A wind turbine rotor blade is usually made of a reinforced fiber material, and is constructed by laying up a suitable fiber arrangement in two mold halves (one for the suction side of the blade and one for the pressure side of the blade). In the known methods, the fiber layup is infused with a resin to bond the fibers and fiber layers and then cured to harden in a vacuum-assisted resin transfer molding (VARTM) technique. The blade halves are joined, and the outer surface of the blade can be treated as necessary.
The desired aerodynamic shape of a wind turbine rotor blade airfoil, the inclusion of a circular root section for connection to a hub, and the requirements of lightness as well as structural strength all add up to a costly and complex manufacturing process. For example, the process of laying out fiber material manually in the blade mold is very time consuming, leading to a lengthy total production time of a blade.

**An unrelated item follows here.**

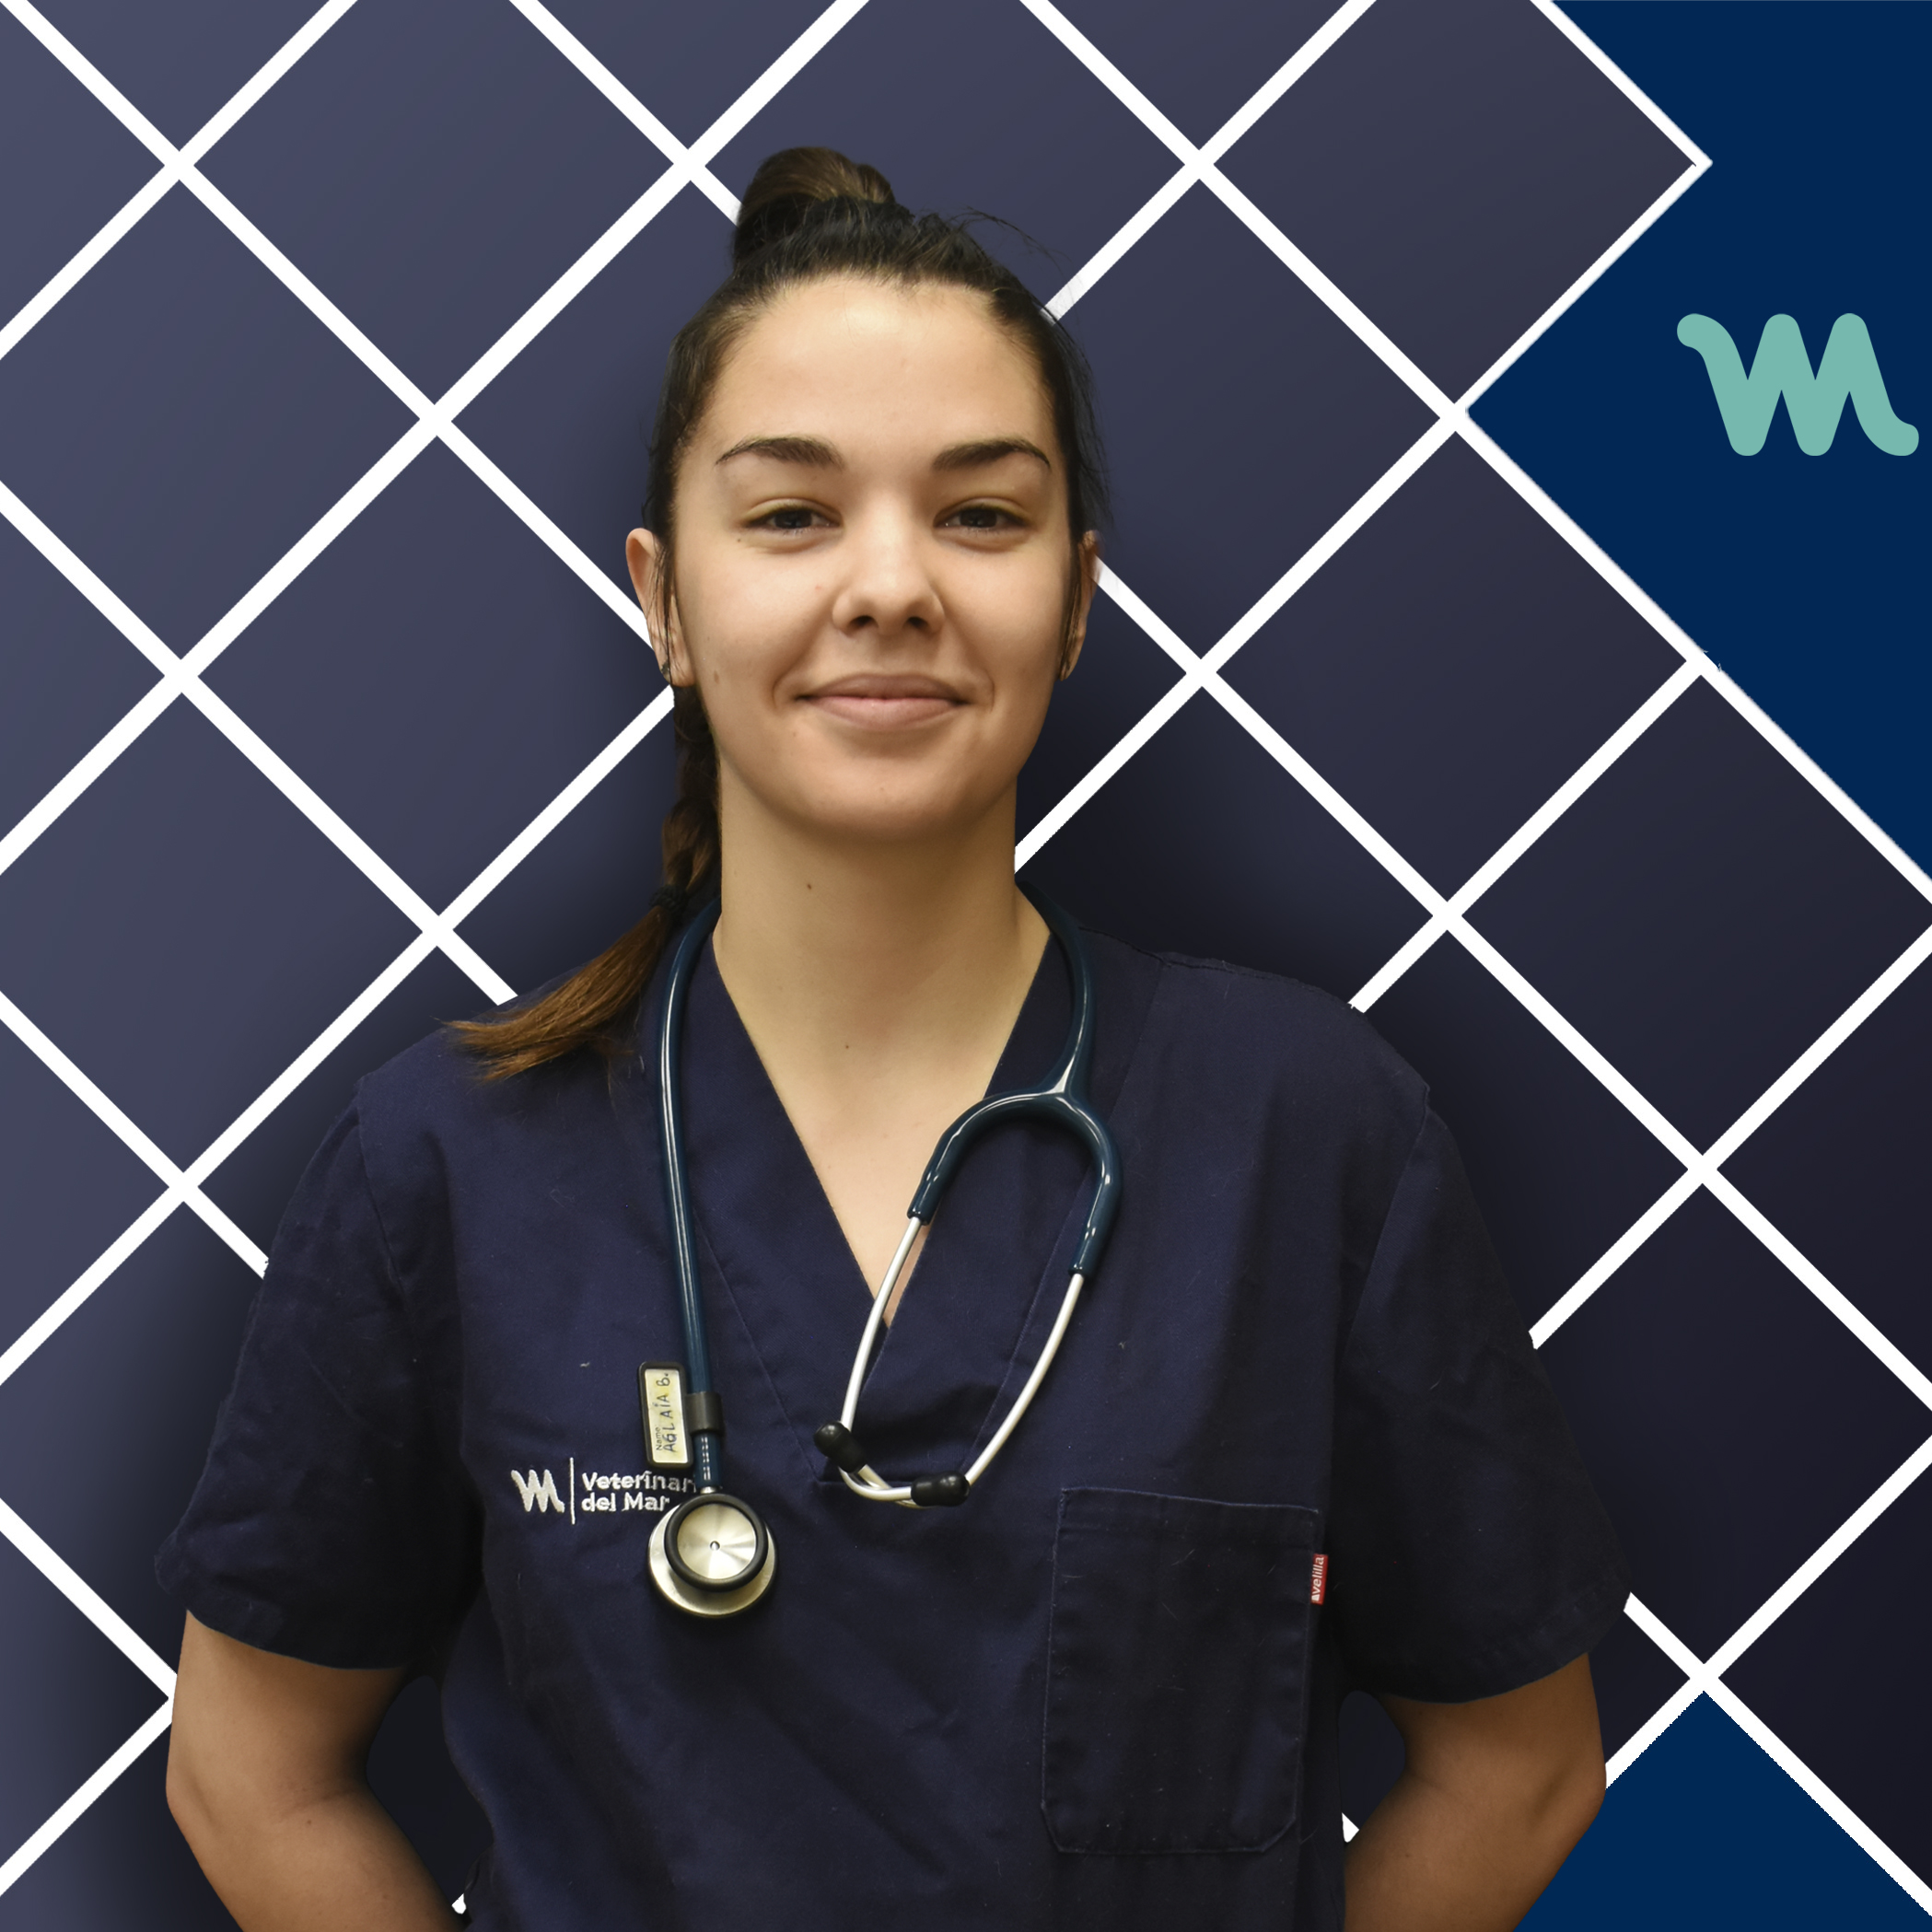 Urgencias Veterinarias | Marta Hita | Hospital Veterinario del Mar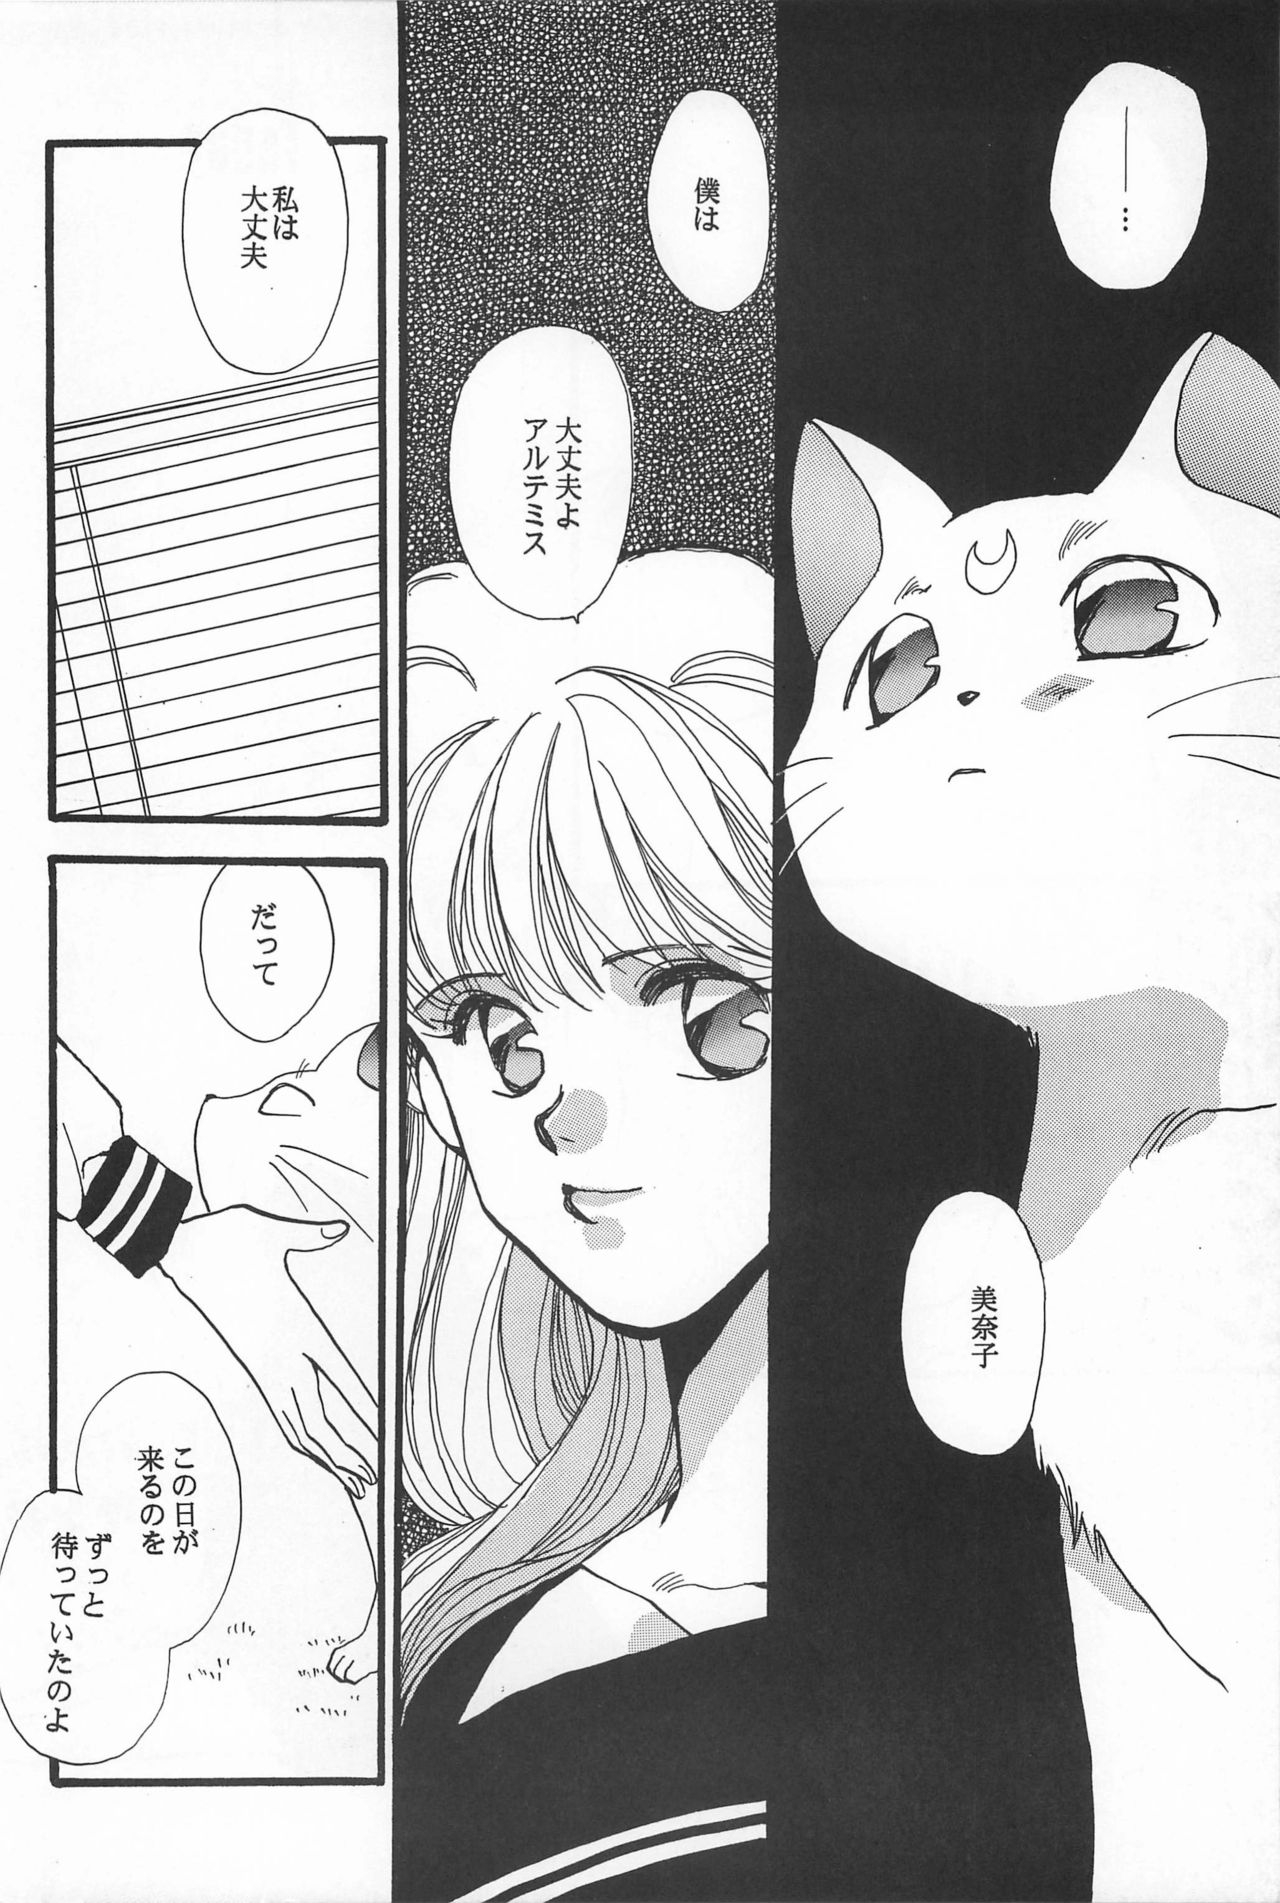 [Hello World (Muttri Moony)] Kaze no You ni Yume no You ni - Sailor Moon Collection (Sailor Moon) 113

Furthermore, manual layup is difficult and even if great care is taken, faulty positioning of the fiber material cannot be ruled out. Inconsistencies in the fiber layup—for example too thin or too thick fiber layers, over-tensioned or under-tensioned fiber rovings, wrinkles or creases in the fiber material etc.—can lead to structural deformities in the finished rotor blade.
Different regions of a wind turbine rotor blade are subject to different types of loading during operation, and some regions of the blade are subject to greater loading than other regions. A certain minimum material thickness is therefore necessary in order to avoid cracks developing in the blade. However, an increase in material thickness will result in an increase in the weight of the blade. In conventional manufacturing techniques, the fiber material layup may not properly consider these factors, so that the resulting blade may not exhibit the necessary structural strength, or the blade may be excessively heavy so that handling during transport and installation is made more difficult and time-consuming.